"Item Response Theory: Understanding the One-Parameter Rasch Model" is the perplexing title of a chapter by Catherine E. Cantrell in B. Thompson (Ed.) Advances in Social Science Methodology. Vol. 5. (Stamford, CT: JAI Press, 1999, p. 171-191).
The good news is that 15 of the 21 pages of this chapter are devoted to a Rasch analysis of a complete, but anonymous, dichotomous data set in which 36 people take an 18 item test. Could this be another administration of our old friend the Knox Cube Test (Wright & Stone, 1979)? Dare we hope that Social Science methodology has now advanced to 1979?

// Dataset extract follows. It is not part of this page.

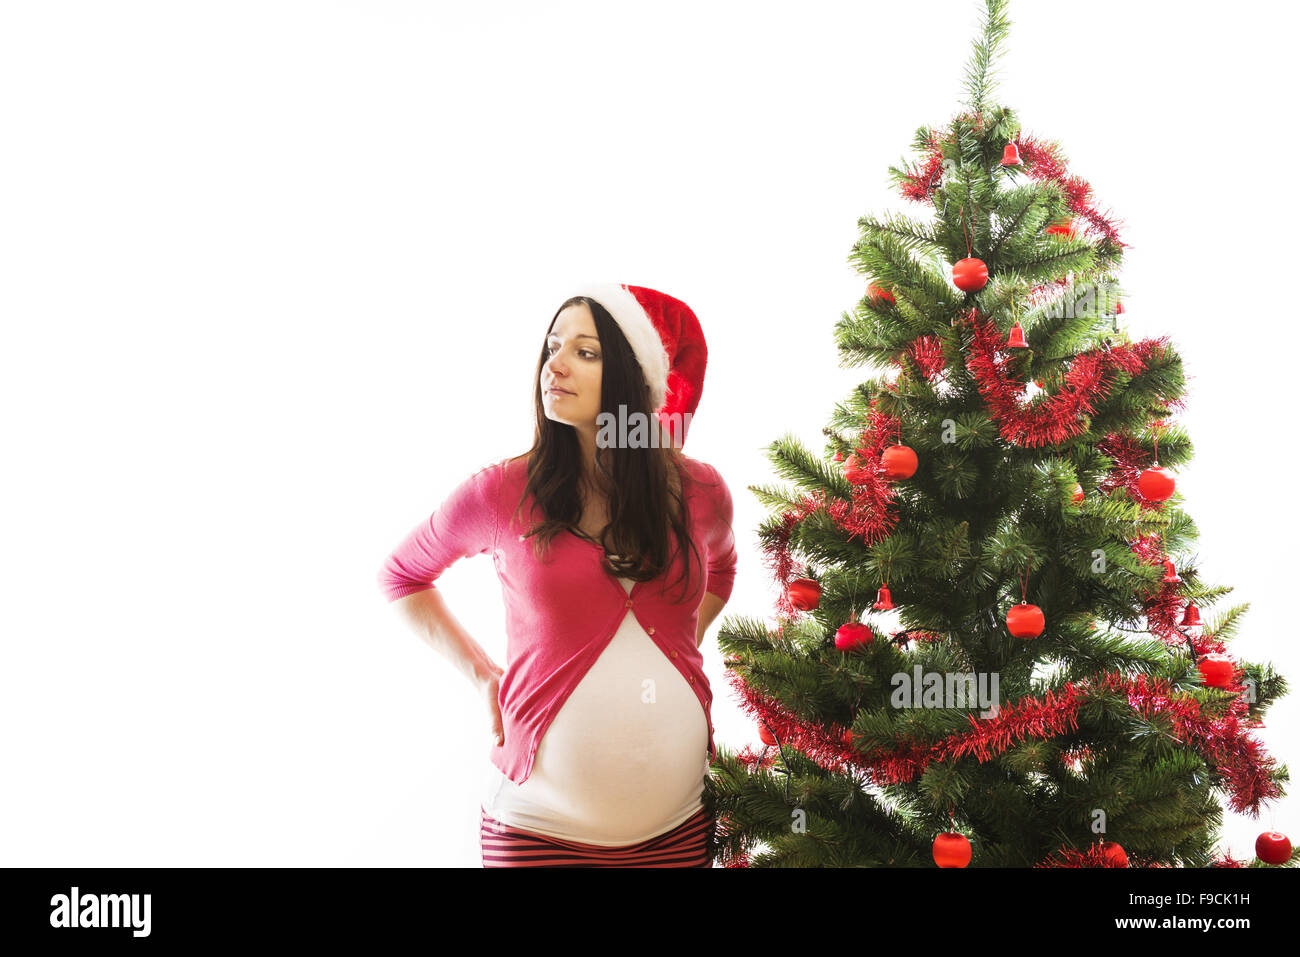 Schwangeren Frauen ist Weihnachtsbaum schmücken. Stockfoto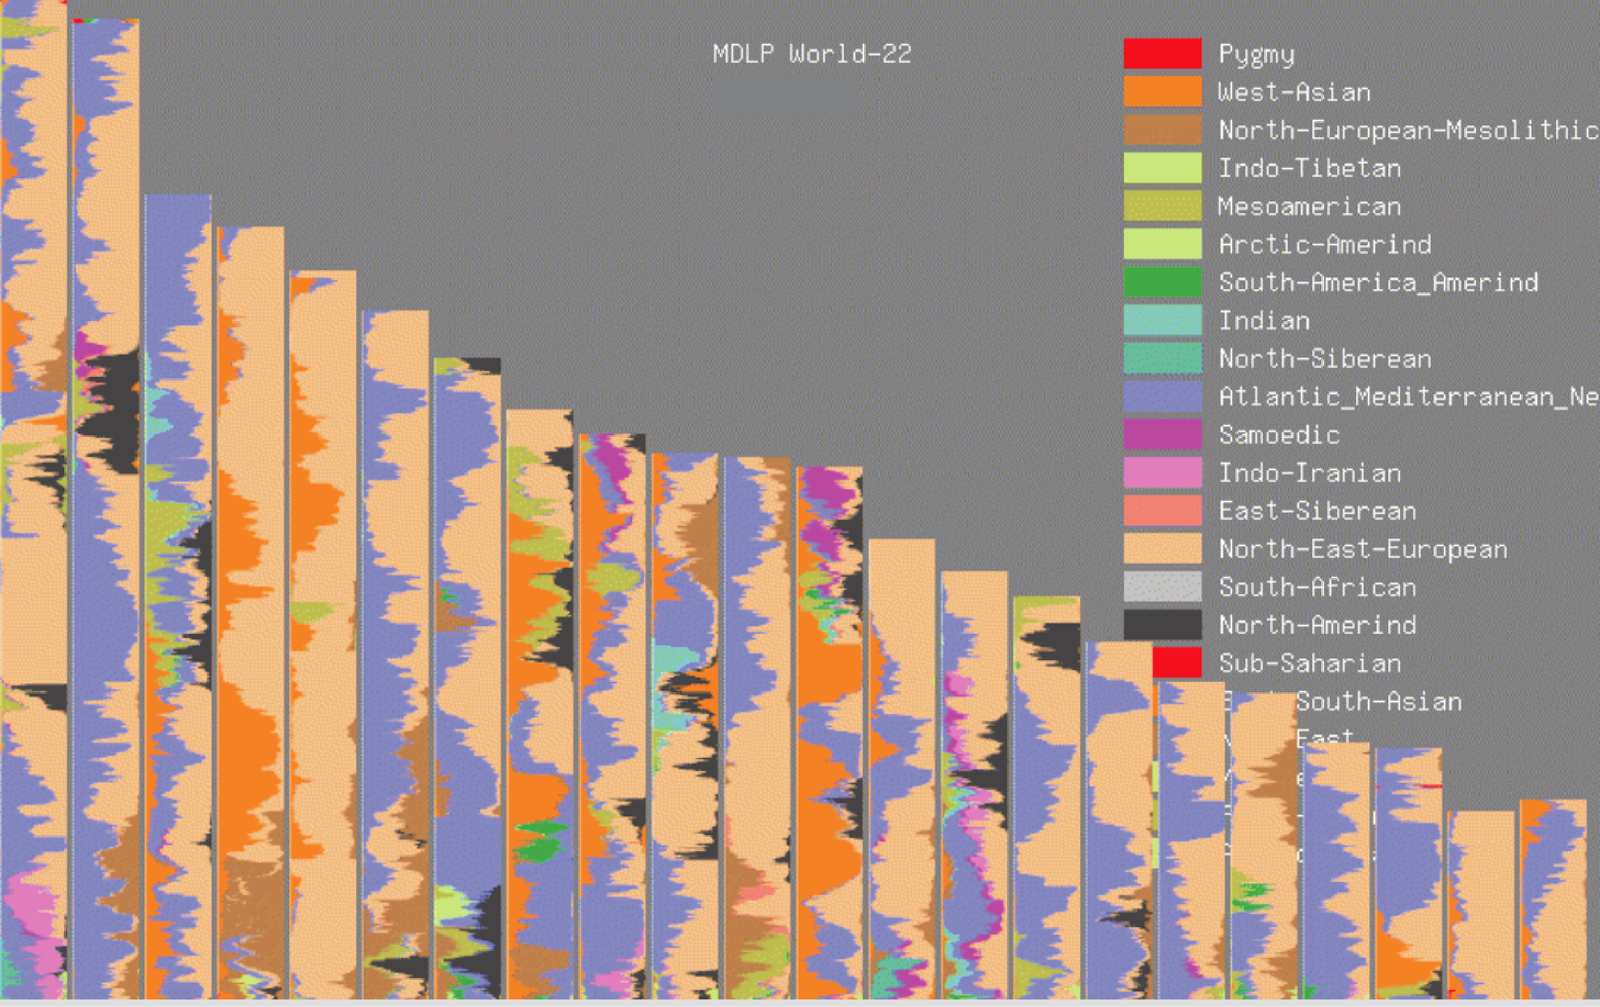 Resultados da mistura GEDmatch MDLP World-22 exibidos como pintura cromossômica.

The best section in the chapter is too short. It is entitled "Evaluating Model Invariance". "To test whether the final item calibrations are truly person independent, researchers may choose to do a cross validation. By tradition, this is typically done by dividing persons in a large sample with a large spread into six ability groupings (e.g., extremely high ability, moderately high ability, ...). Item calibrations are then computed separately for each group. If the item calibrations ... are similar ..., then there is fairly compelling evidence that the final calibrations are sample independent." (p. 189) What a great tradition! (Why have I never heard of it before?) If followed, all other approaches would be crushed by the Rasch juggernaut, and there truly would be a giant advance in social science methodology.
The bad news in this chapter is that foundational concepts of Rasch and IRT are muddled. Here are some misconceptions, worth noting because our diligent, but unseasoned, author is probably not alone in them.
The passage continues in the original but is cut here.